Task statement: Would you transcribe exactly the lines from the one containing "SPA Accessories Filter" to the last line of the data below, both ends included, but none of the pictures?

Data shown:

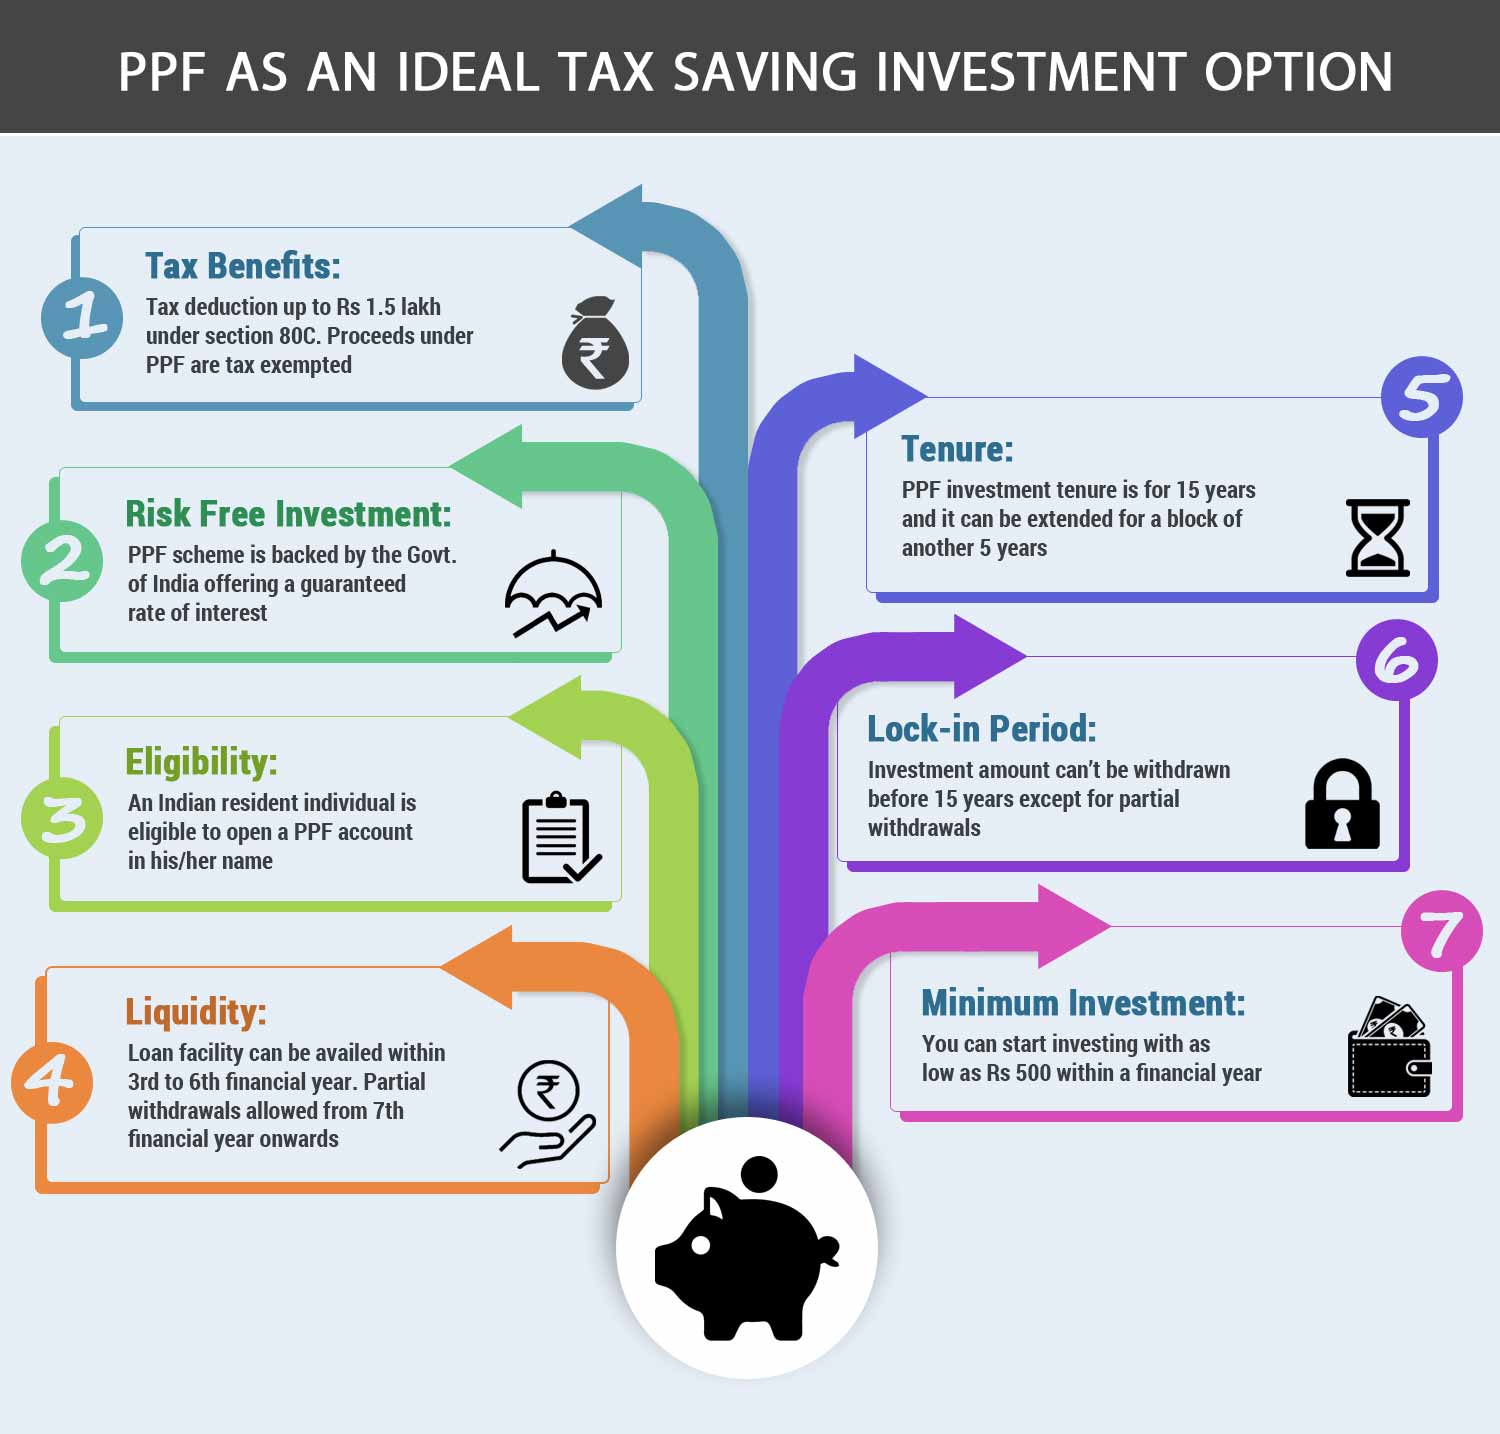 ppf-as-a-tax-saving-instrument-comparepolicy
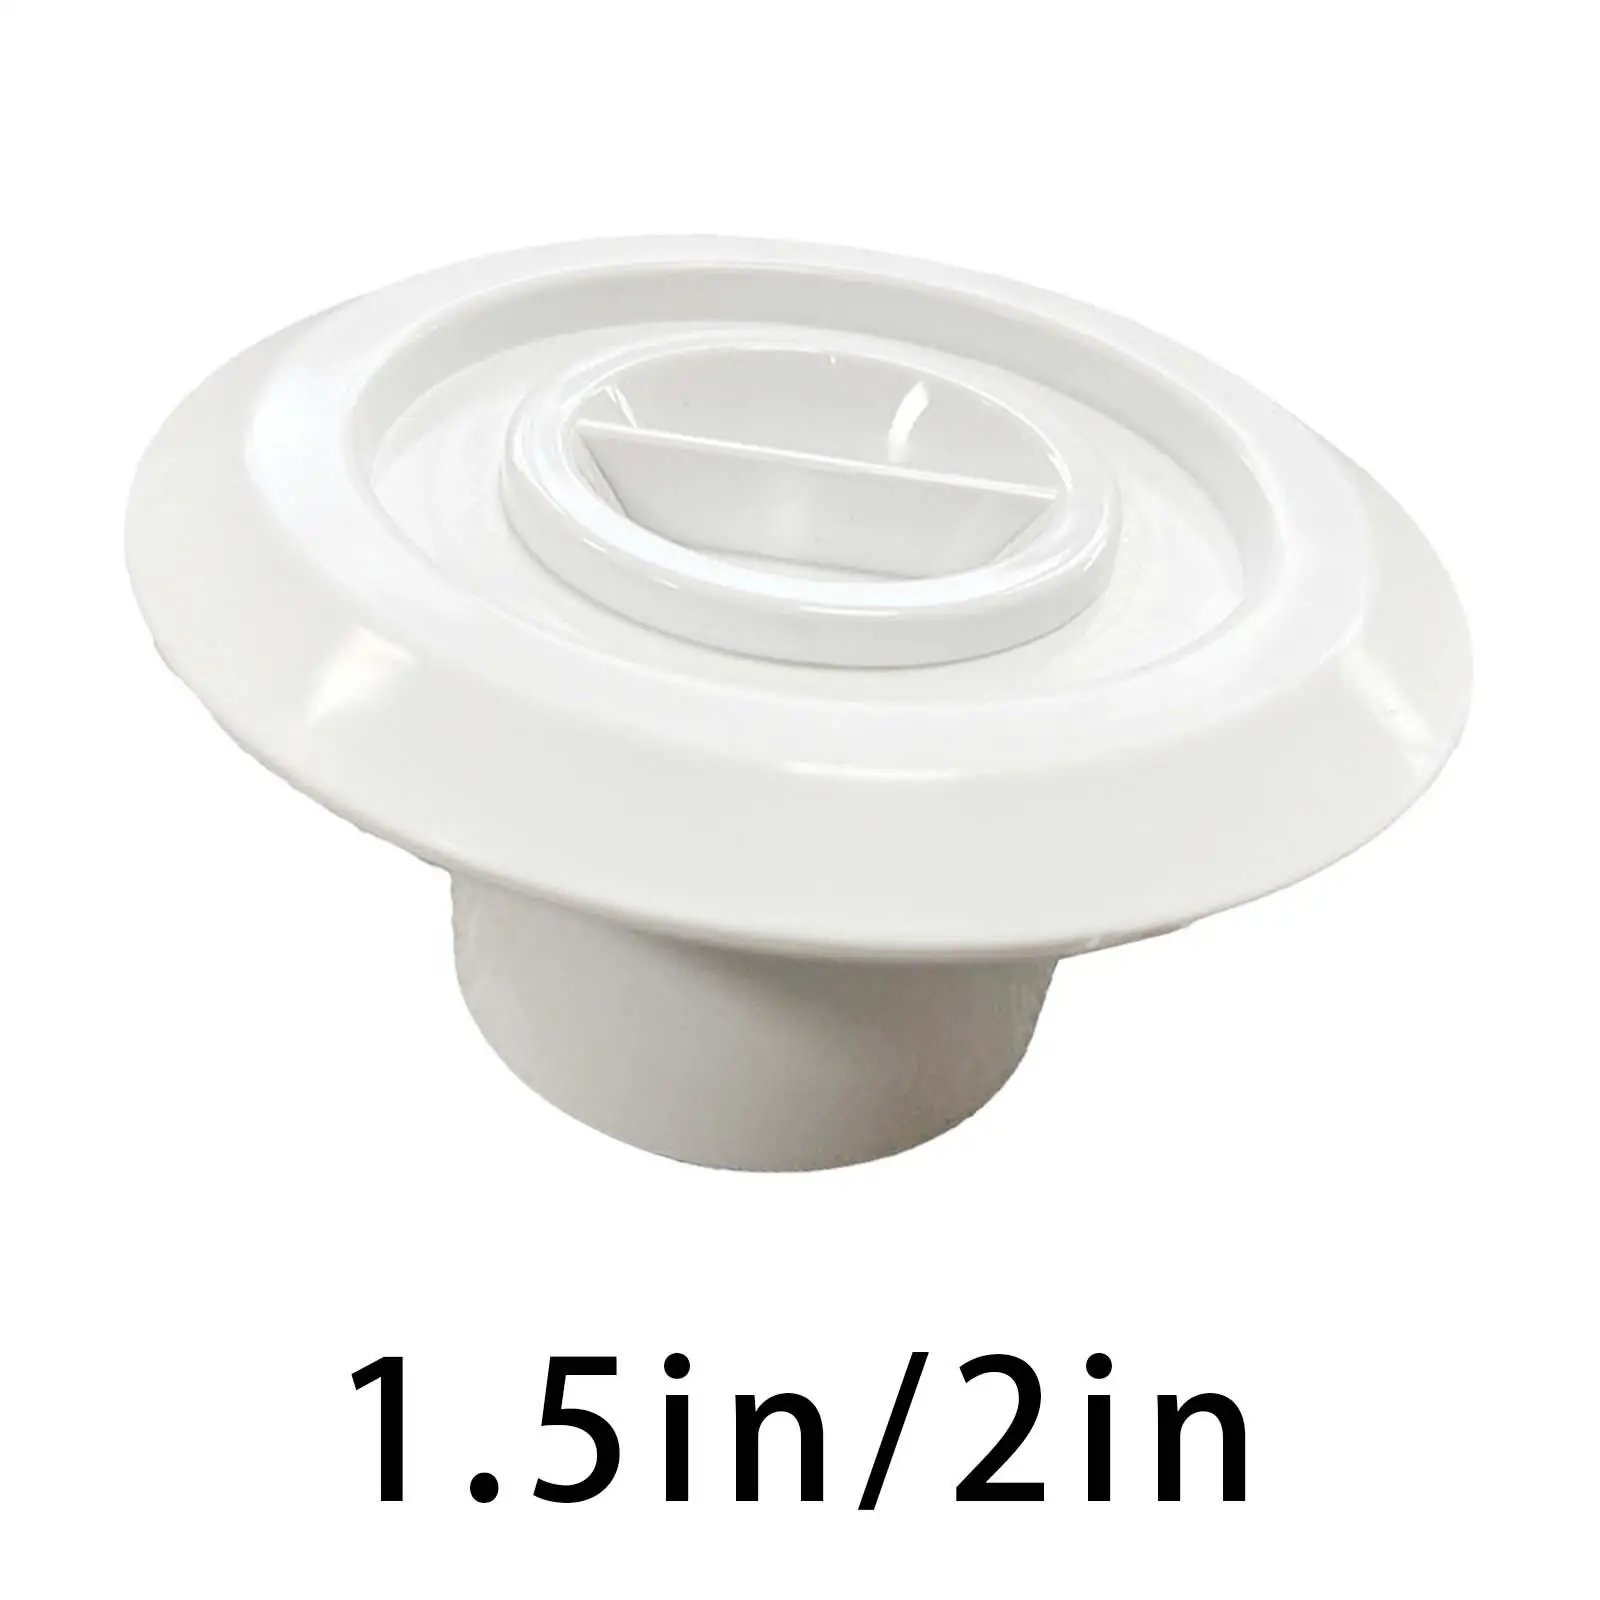 SPA Accessories Filter Lightweight Replacement Pool Drain Pools Floor Drain for SPA Cleaning Massage Pool Outdoor
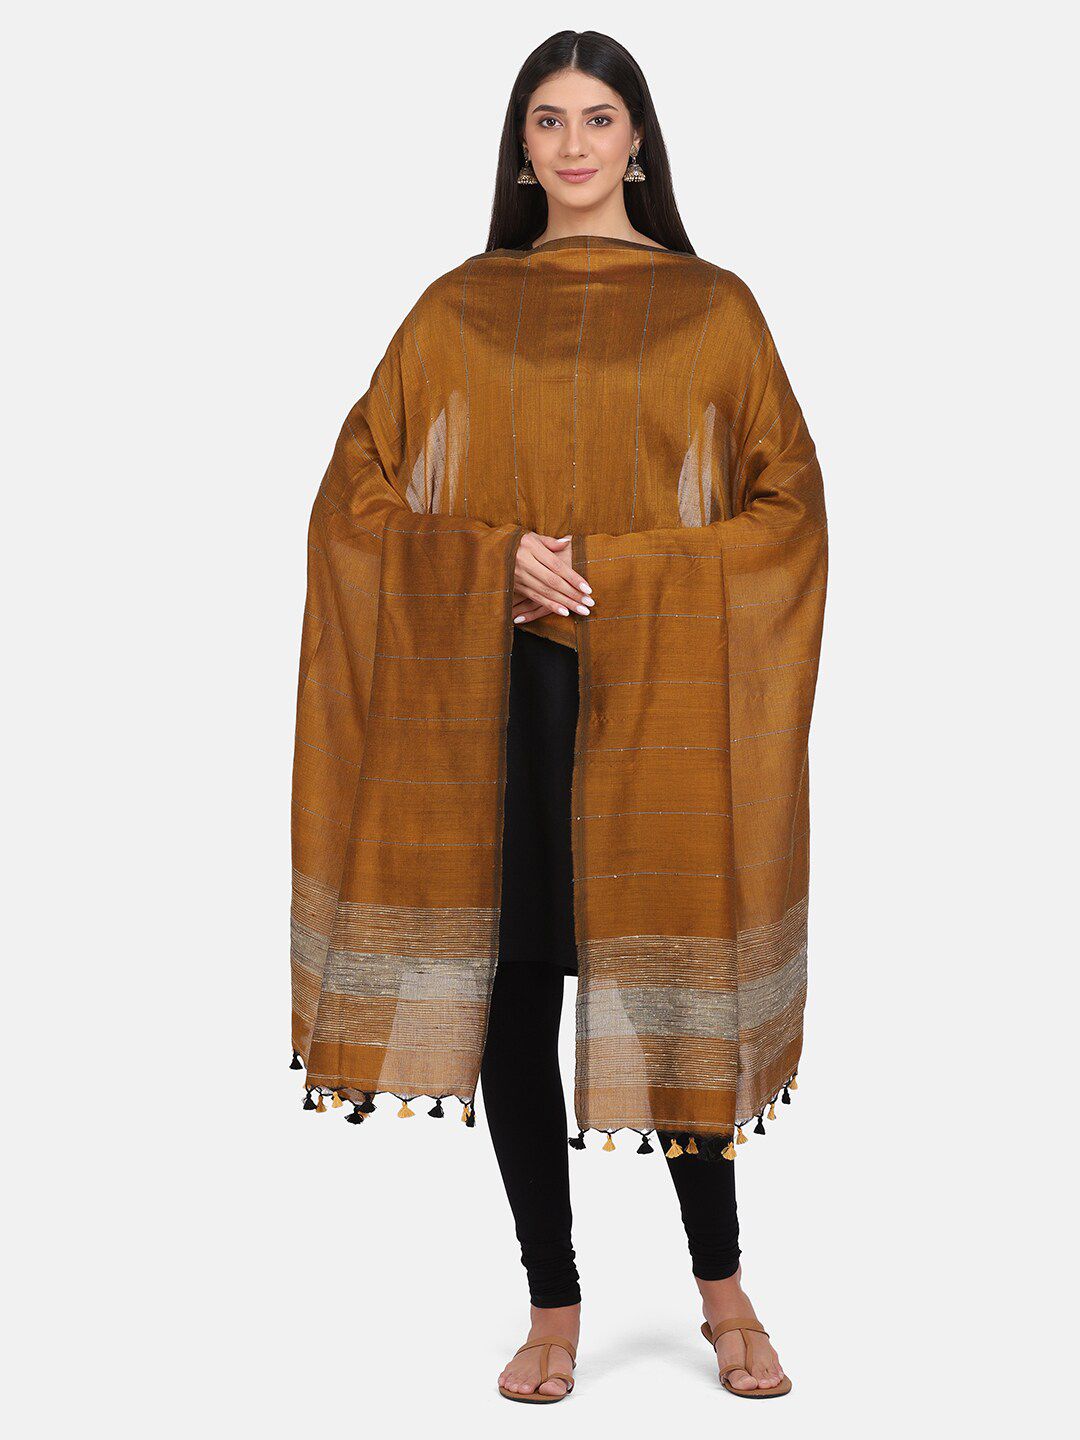 THE WEAVE TRAVELLER Brown & Grey Woven Design Dupatta Price in India
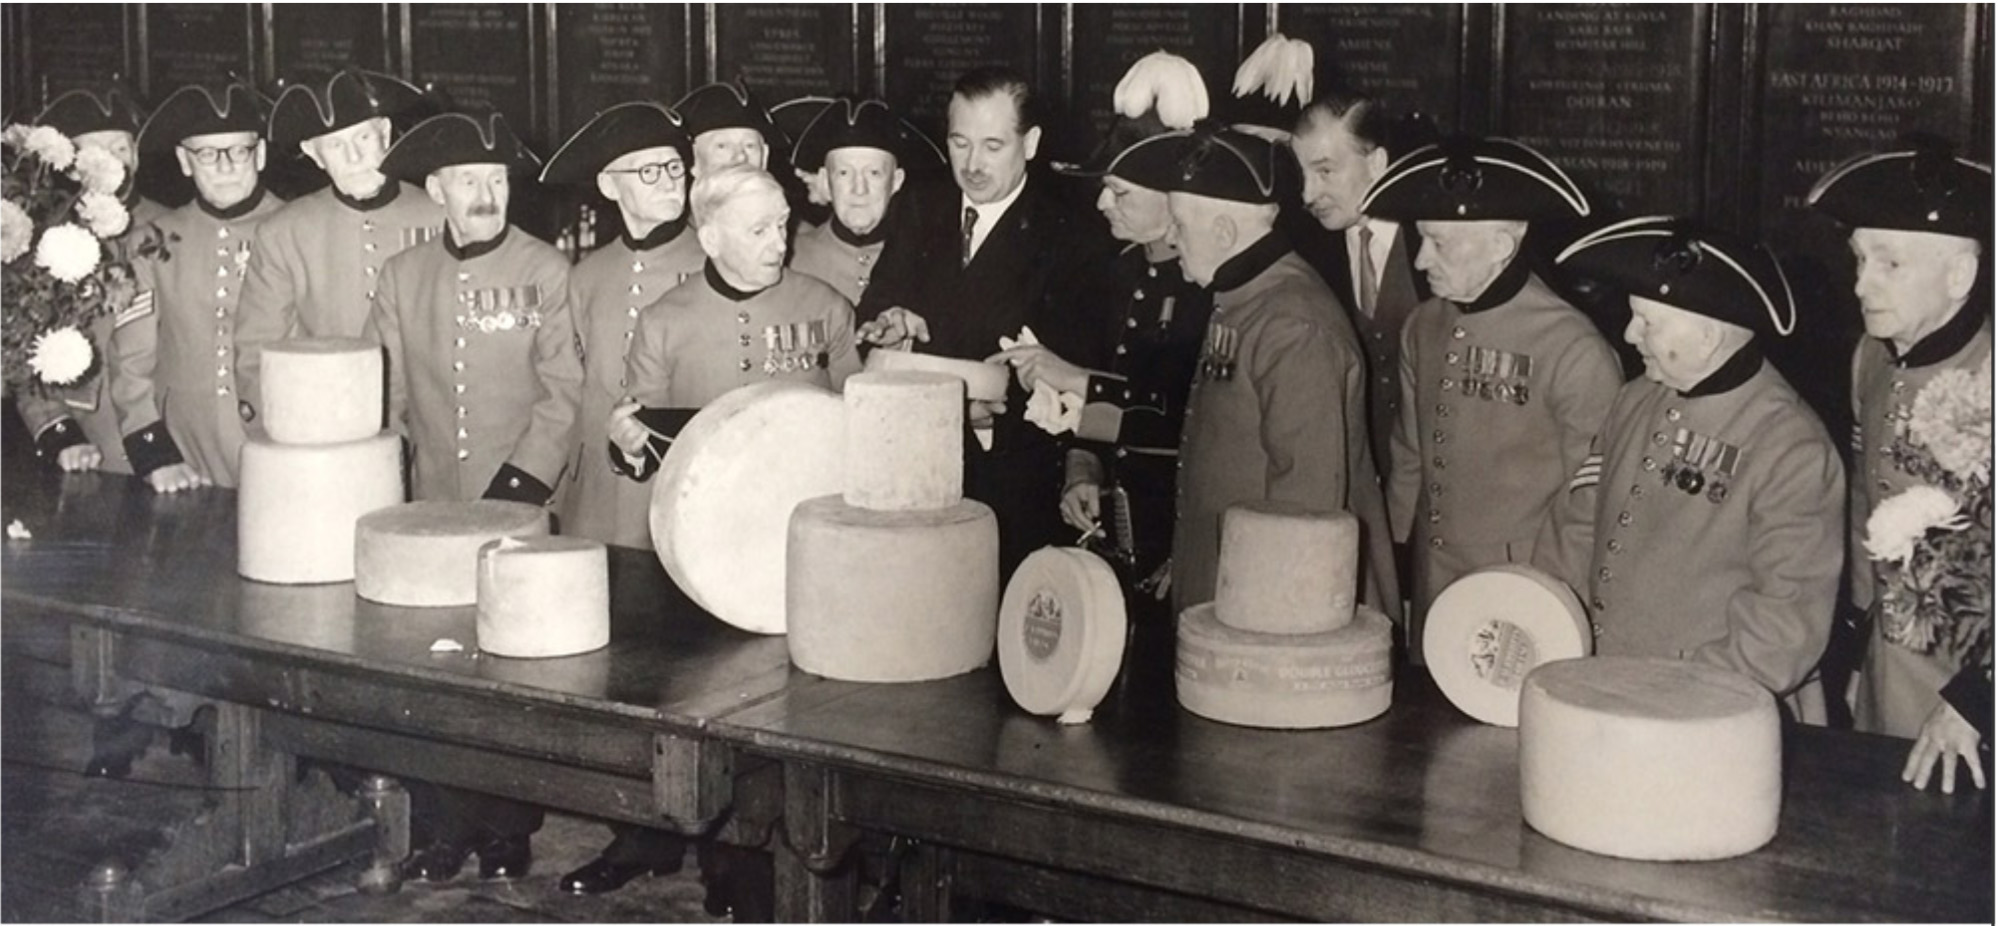 Historic cheese donations to the Royal Hospital dates back over 300 years

Response to this exercise:
 SPA Accessories Filter Lightweight Replacement Pool Drain Pools Floor Drain for SPA Cleaning Massage Pool Outdoor
 THE WEAVE TRAVELLER Brown & Grey Woven Design Dupatta Price in India
 Historic cheese donations to the Royal Hospital dates back over 300 years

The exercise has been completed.